SLOPES OF PARALLEL AND PERPENDICULAR LINES

Parallel lines :

Parallel lines will have the same slope.

If m₁ and m₂ are slopes of the 1^st and 2^nd line, then

m₁ = m₂

Perpendicular Lines :

Lines that intersect at right angles are called perpendicular lines.

If the product of the slopes of two nonvertical lines is -1, then the lines are perpendicular

Problem 1 :

In the xy plane, the lines

y = mx - 7 are 2x + 3y = 6

are parallel. What is the value of m ?

Solution :

Slope of the line y = mx - 7 :

By comparing the given equation with slope intercept form

y = mx + b

m₁ = m

Slope of the line 2x + 3y = 6 :

3y = -2x + 6

Dividing by 3 on both sides.

y = (-2/3) x + (6/3)

y = (-2/3) x + 2

m₂ = -2/3

Since the given lines are parallel,

m₁ = m₂

m = -2/3

Problem 2 :

A line passes through the points (-1, 2) and (5, b) and is parallel to the graph of the equation 4x - 2y = 13. What is the value of b ?

Solution :

Slope of the line joining the points (-1, 2) and (5, b).

m = (y₂ - y₁) / (x₂ - x₁)

m₁ = (b - 2) / (5 + 1)

m₁ = (b - 2) / 6 ---(1)

4x - 2y = 13

2y = 4x - 13

Dividing by 2 on both sides.

y = (4x/2) - (13/2)

y = 2x - (13/2)

m₂ = 2 ----(2)

(1) = (2)

(b - 2) / 6 = 2

Multiply by 6 on both sides.

b - 2 = 12

Add 2 on both sides.

b = 12 + 2

b = 14

Problem 3 :

In the xy - plane above, line l is parallel to line m.
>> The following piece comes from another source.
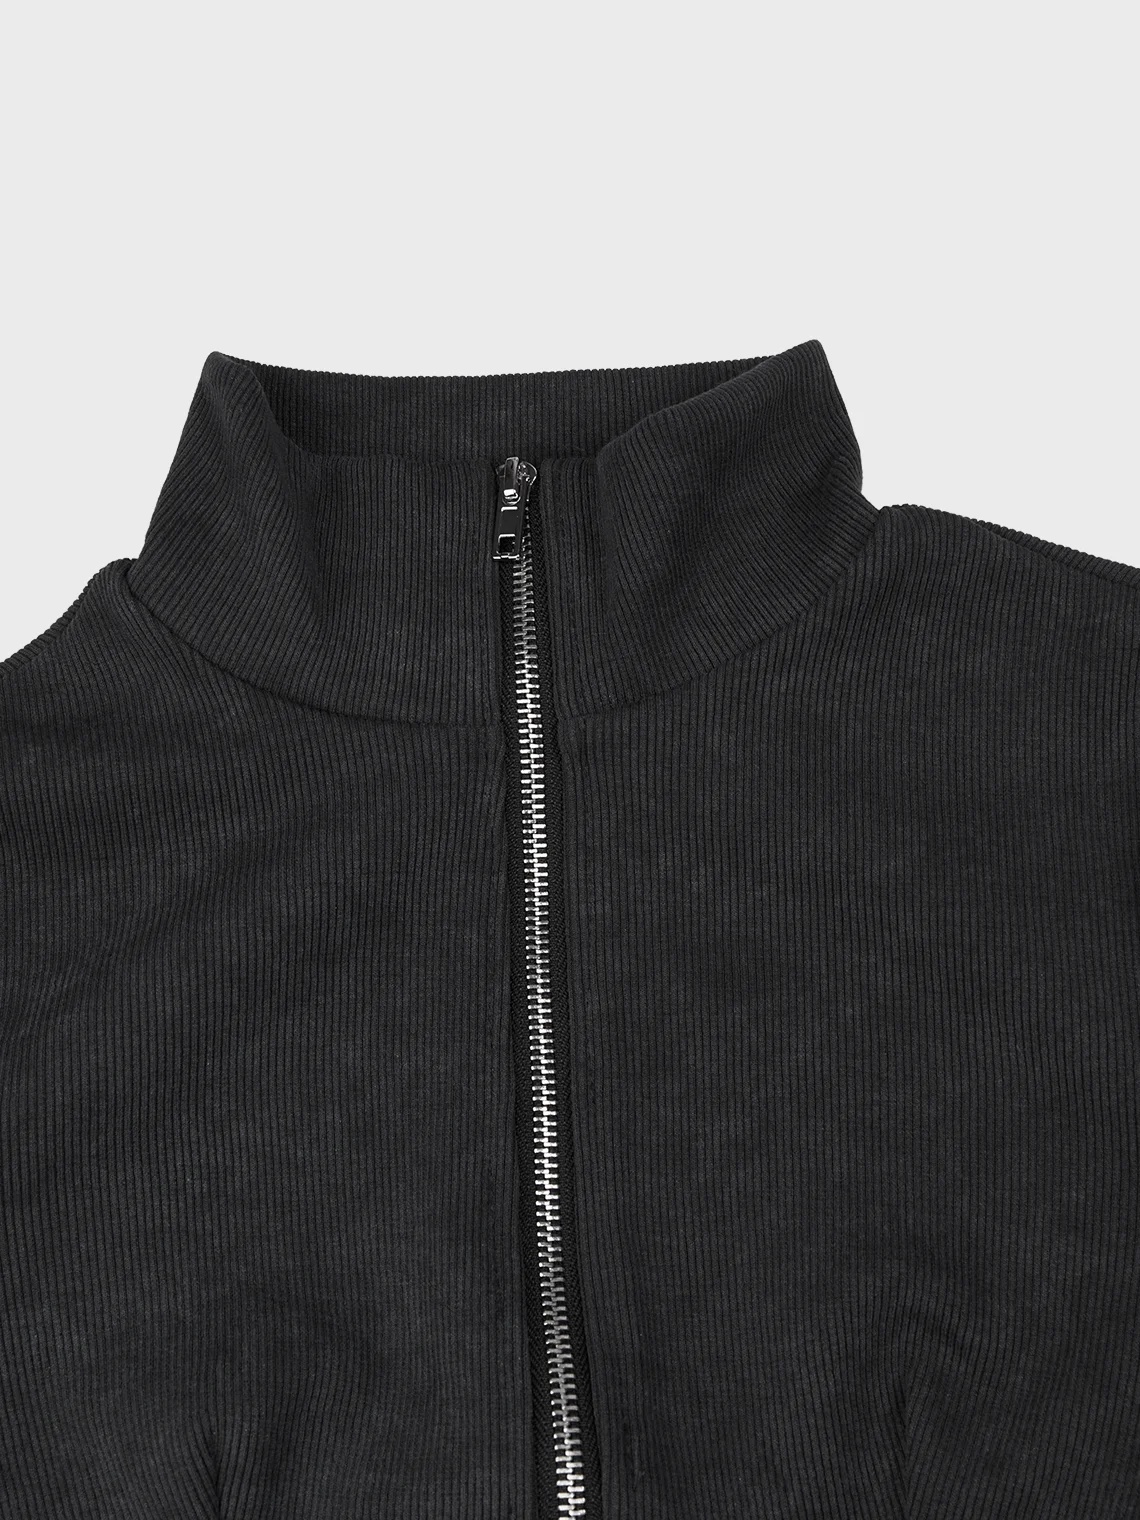 【Final Sale】Stand Collar Zipper Plain Long Sleeve Jacket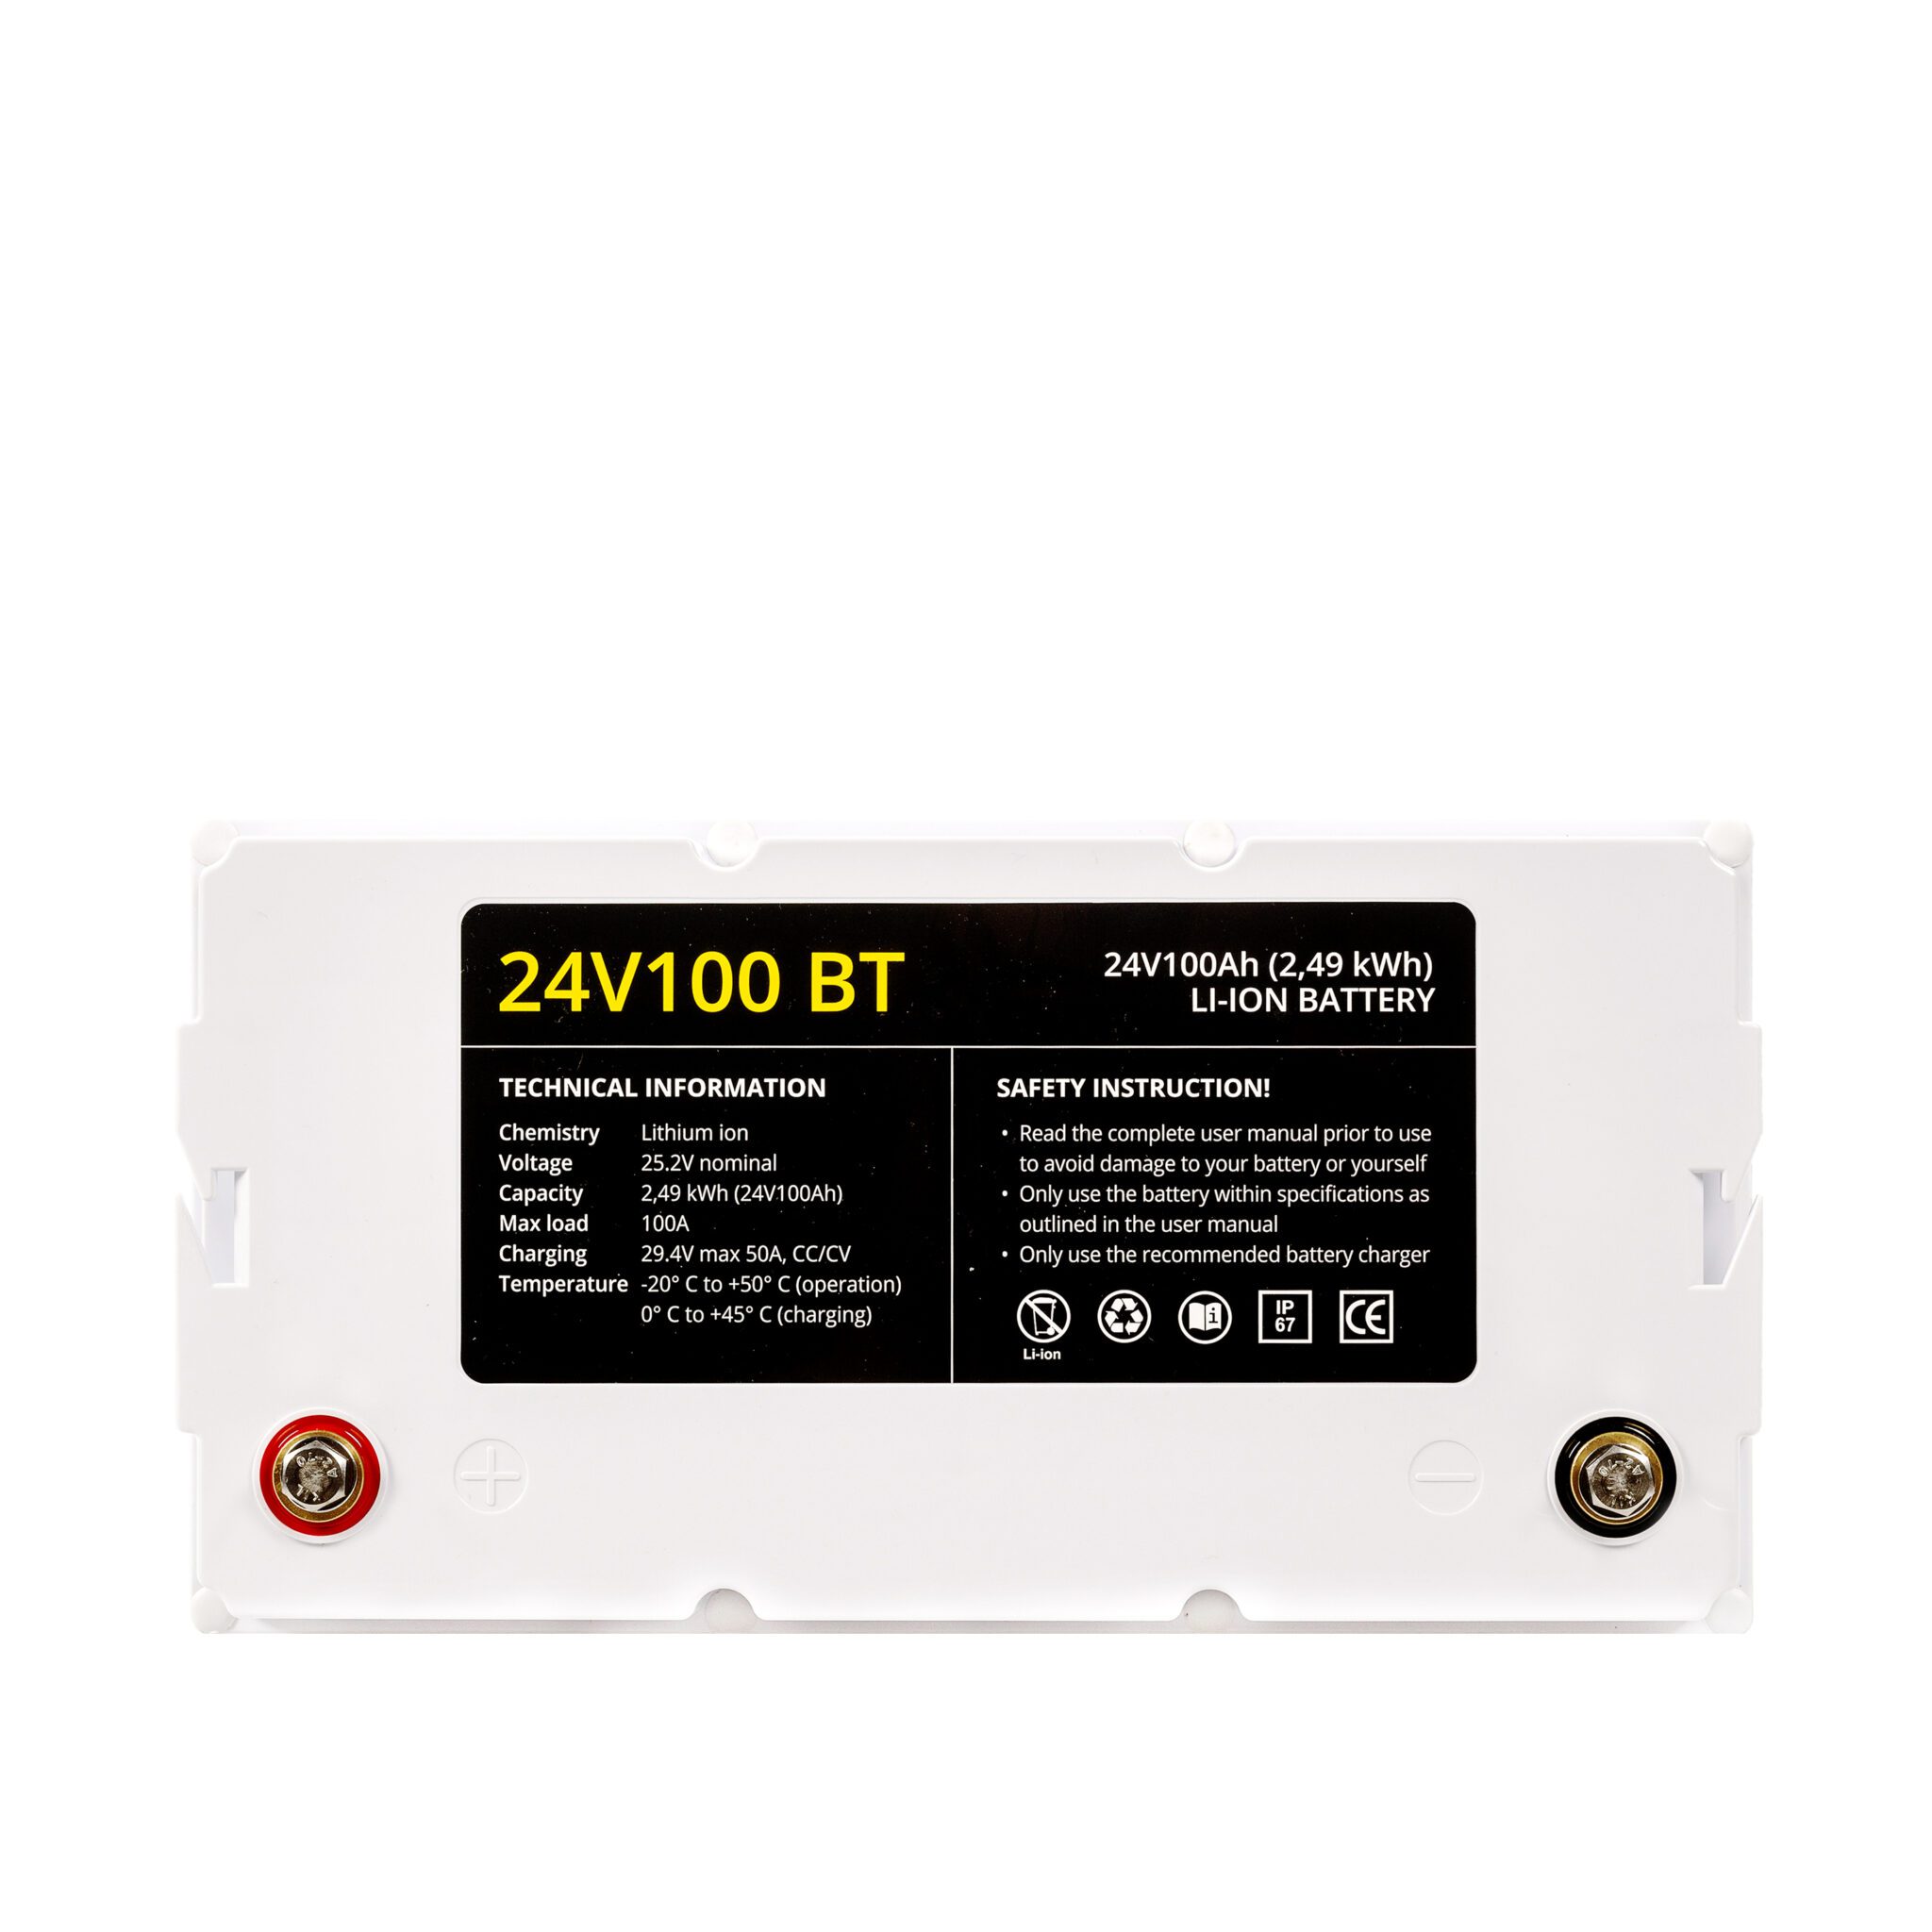 24V100 BT Lithium Battery

What is the value of b?

Solution :

The line (m) passes through the points (-1, -3) and (-4, b)

The line (l) passes through the points (2, 0) and (0, 3)

m = (y₂ - y₁)/(x₂ -x₁)

Since the lines are parallel m₁ = m₂

(b + 3) / (-3)  =  -3/2 

Doing cross multiplication, we get

2(b + 3) = -3(-3)

2b + 6 = 9

2b = 9 - 6

2b = 3

Dividing by 2 on both sides.

b = 3/2

Problem 4 :

In the xy-plane above, if line l is perpendicular to line t, what is the value of a?

Solution :

The line (t) passes through the points (-4, -3) and (2, 1).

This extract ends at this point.